Overall this movie looks cheap… as in way cheaper than any of its predecessors.  Sure, we have some wonderful “Jason pose” shots.  But everything else is direct-to-DVD quality; like porn quality down to the ultra-cheap sets (in some cases).  And don’t even get me started on the CGI spaceships.

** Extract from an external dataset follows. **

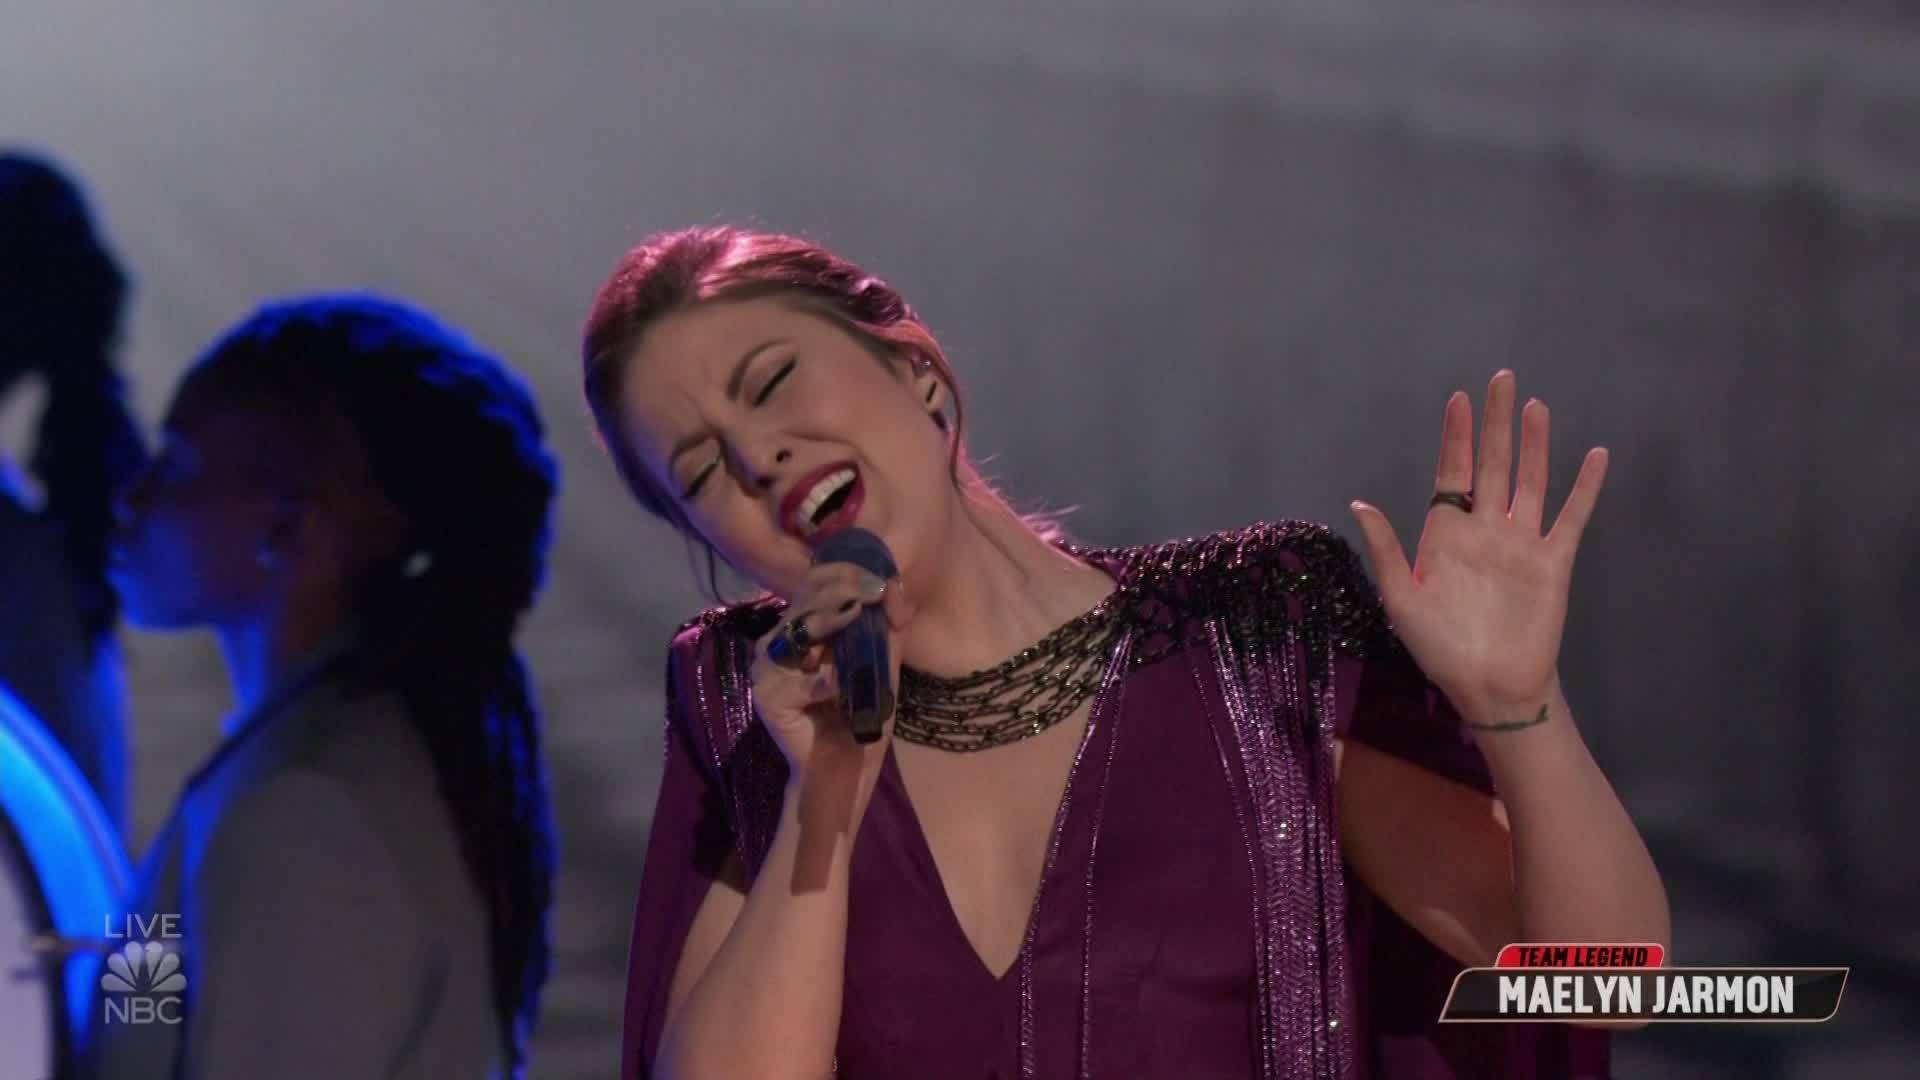 Team John Legend's Maelyn Jarmon wins 'The Voice'

Geez.  But with “cheap” can come “funny.”  In a somewhat pinnacle moment of “Bad Movie Glory,” the ship’s repair nanites create an upgraded Jason that smacks of The Guyver (1991)—basically he’s a demonic zombie cyborg.

The spaceships are called the Tiamat and the Grendel (do we have some Dungeons and Dragons-mythology geeks among the writers?) and this sequel was hypersexualized (because… Dungeons and Dragons fans).  There’s an S&M mid-term sex party, a scantily clad autopsy, a sexy resurrection in skimpy chainmail, sex scenes (Lexa Doig; V, The 4400, Continuum, Andromeda), and a love bot with magnetic robot nipples.  Kay-Em reminds me way too much of Alice (Resident Evil; which actually came out after Jason X), all dolled up in a saucy tight black leather outfit, doing cartwheel kung fu, and playing superhuman gunfighter against Jason.  But the real highlights are the liquid nitrogen head-crush kill, the crawling torso, and Jason’s second punch decapitation (since Jason Takes Manhattan).

In an elegantly graceful swan dive into a lake of clichés, Jason is ejected from the spaceship only to burn up re-entering the atmosphere of a presumably Crystal Lake-like camp. And while this was the last we’d see of Jason until the 2009 reboot, I thought it was a pretty fun ride worthy of my time (again).